• Exercise goal
Look through the entries below for the line with "Soldat løber i ørkenbilleder" and the line with "Cornishware Adder Green", then give again exactly those two lines and all lines between them, minus the pictures.

• Records for the exercise
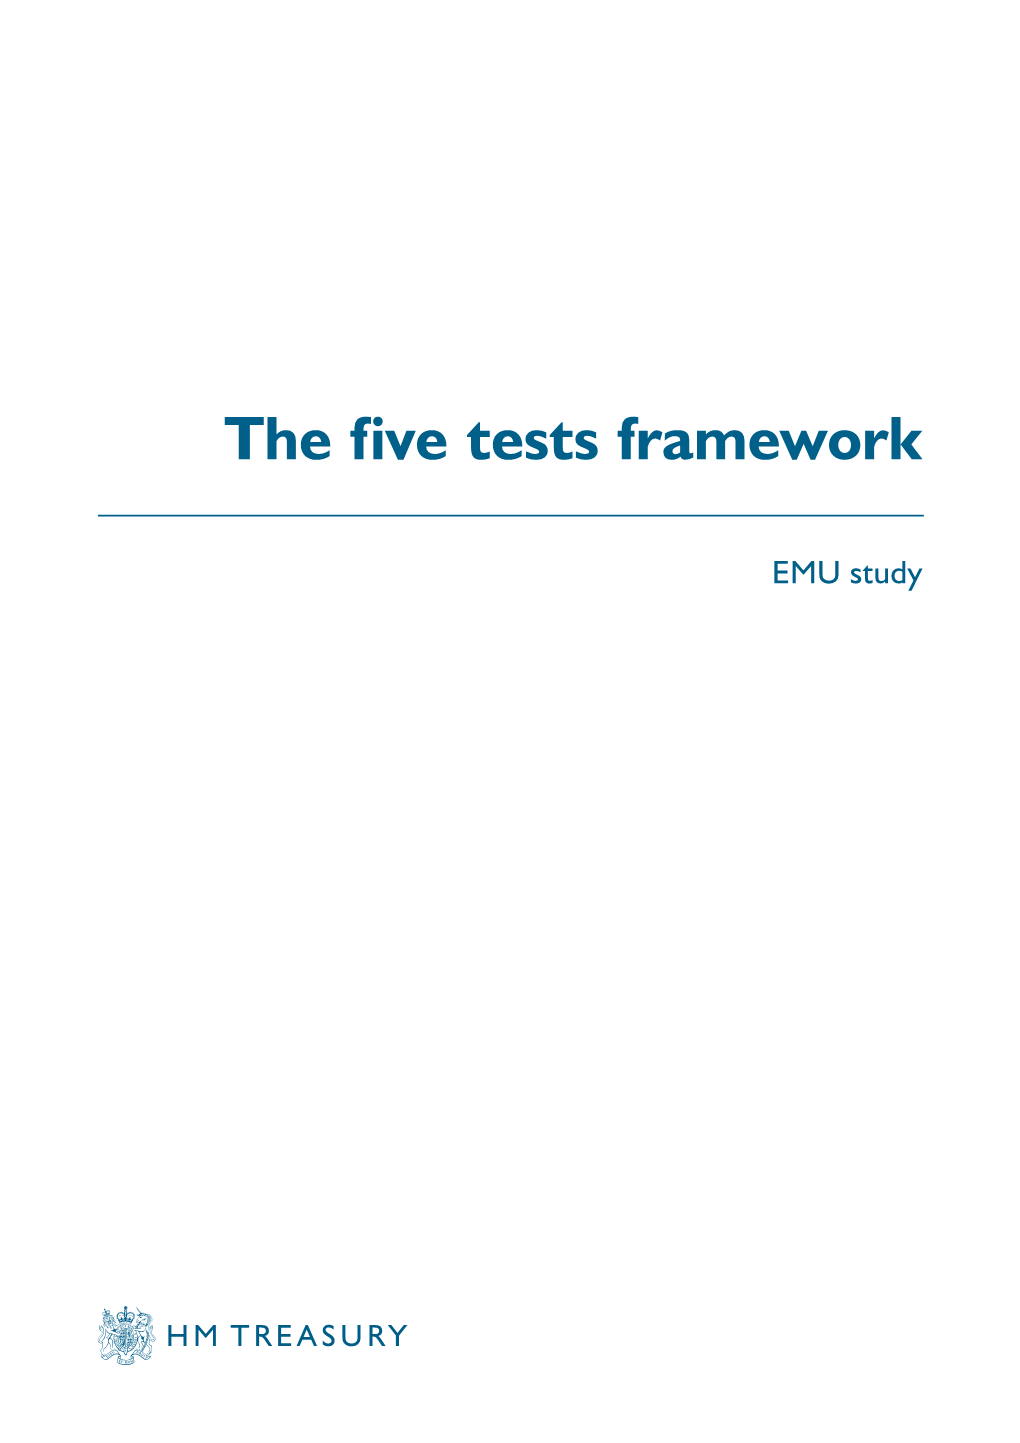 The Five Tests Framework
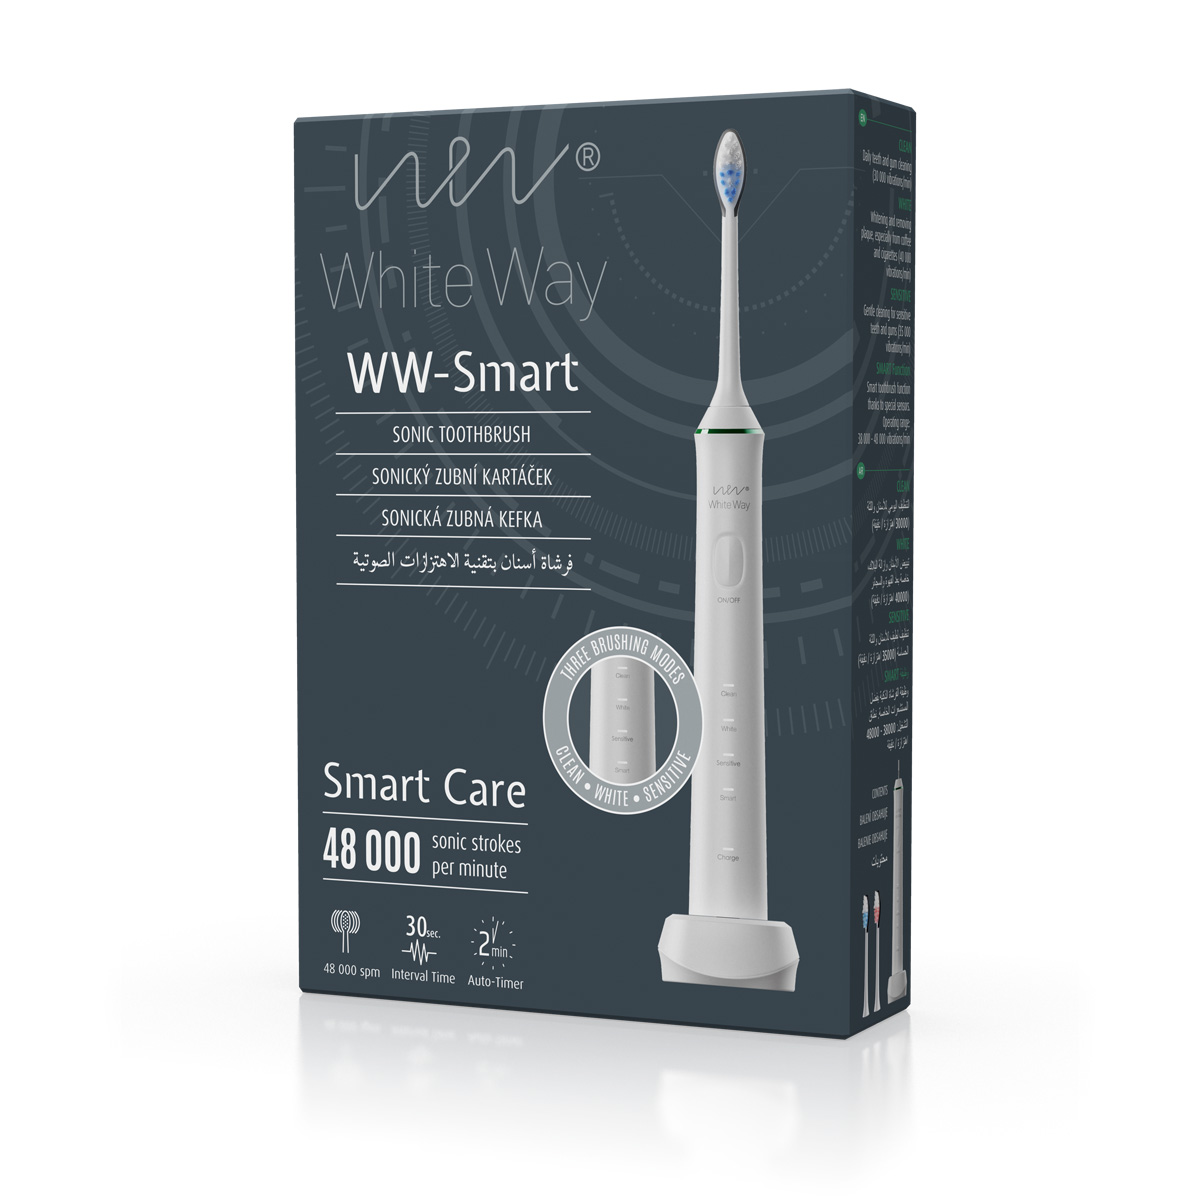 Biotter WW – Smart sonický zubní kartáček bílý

---

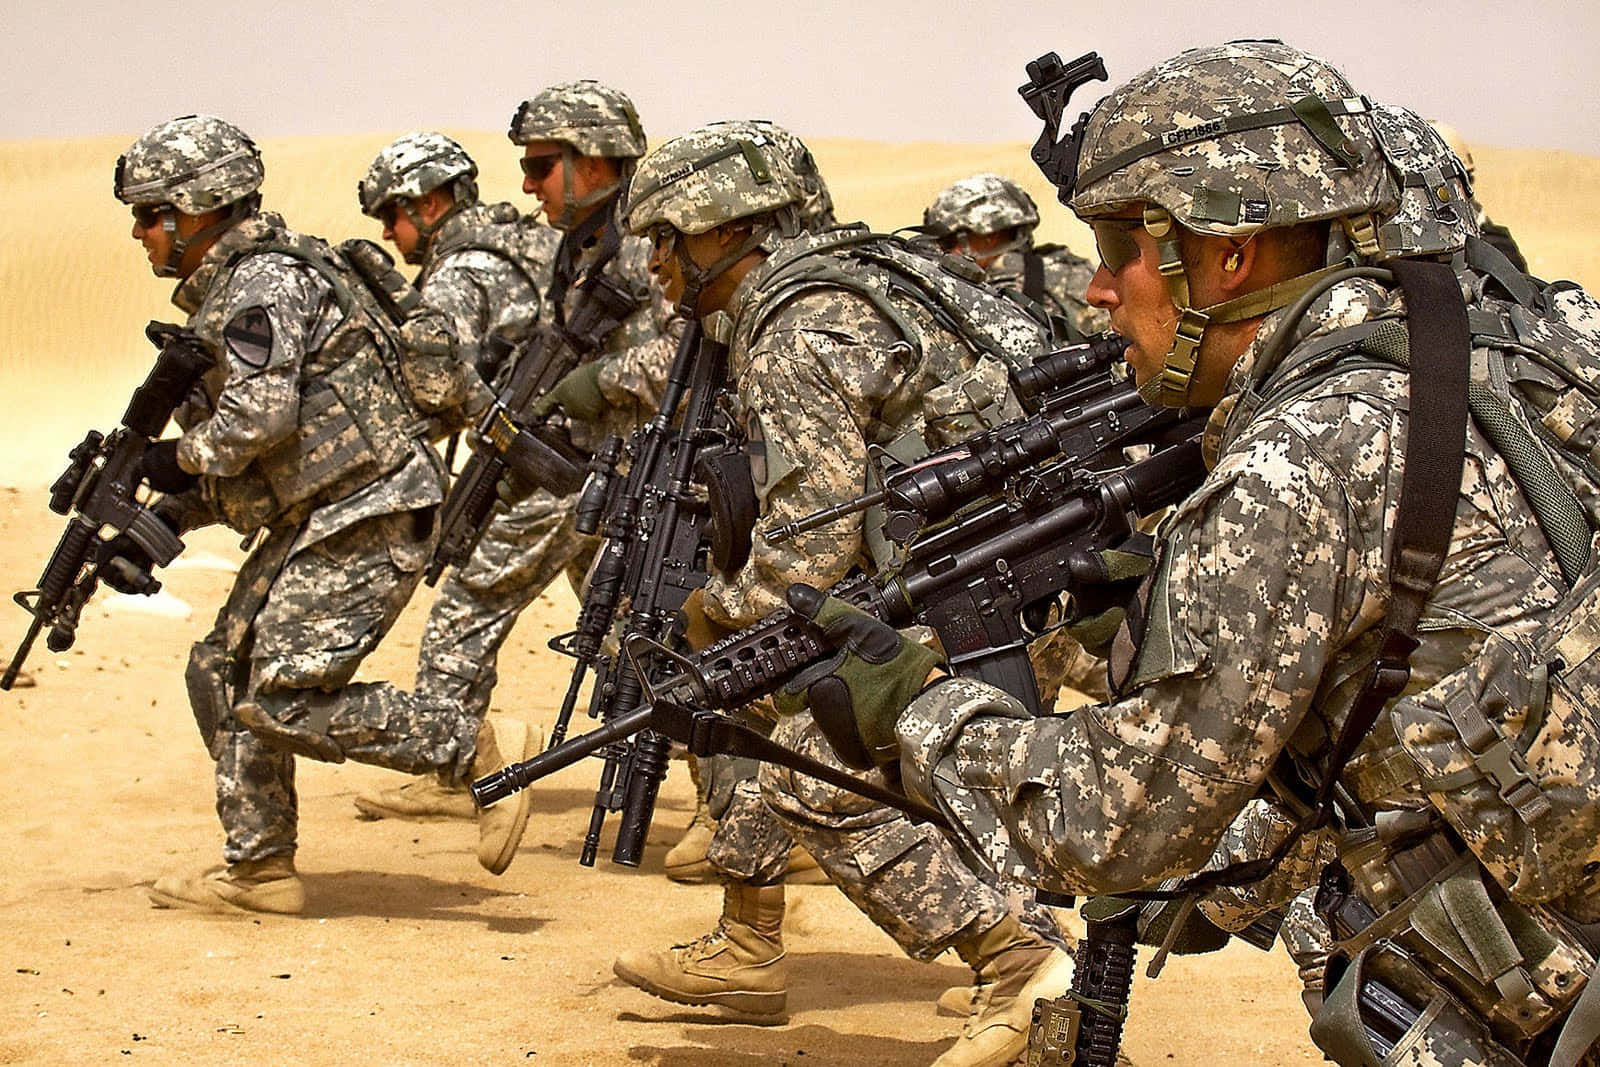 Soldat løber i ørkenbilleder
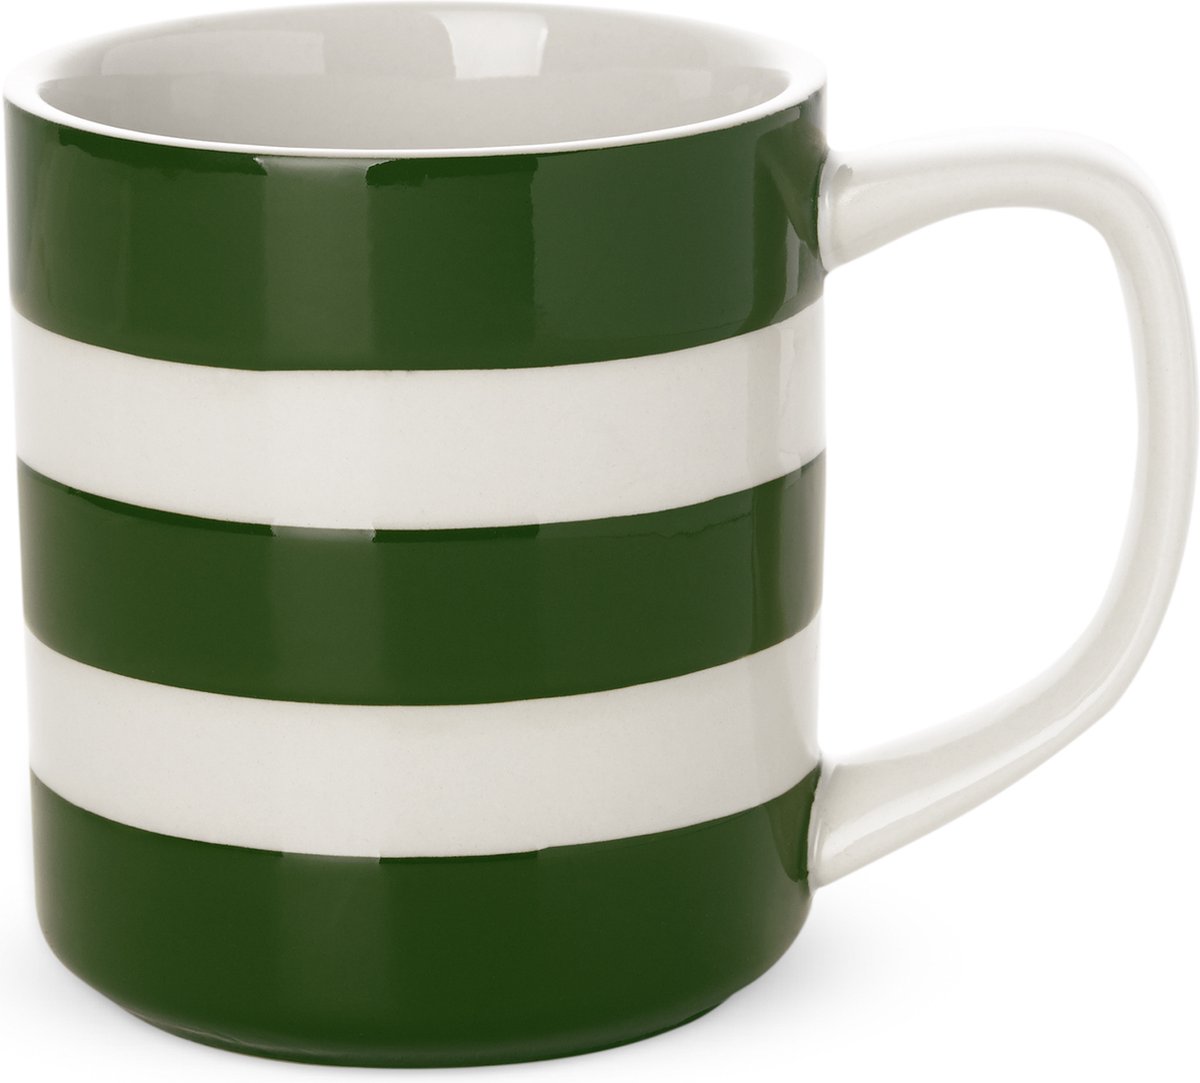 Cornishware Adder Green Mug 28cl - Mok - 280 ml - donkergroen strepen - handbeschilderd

• Answer to the problem
 Soldat løber i ørkenbilleder
 Cornishware Adder Green Mug 28cl - Mok - 280 ml - donkergroen strepen - handbeschilderd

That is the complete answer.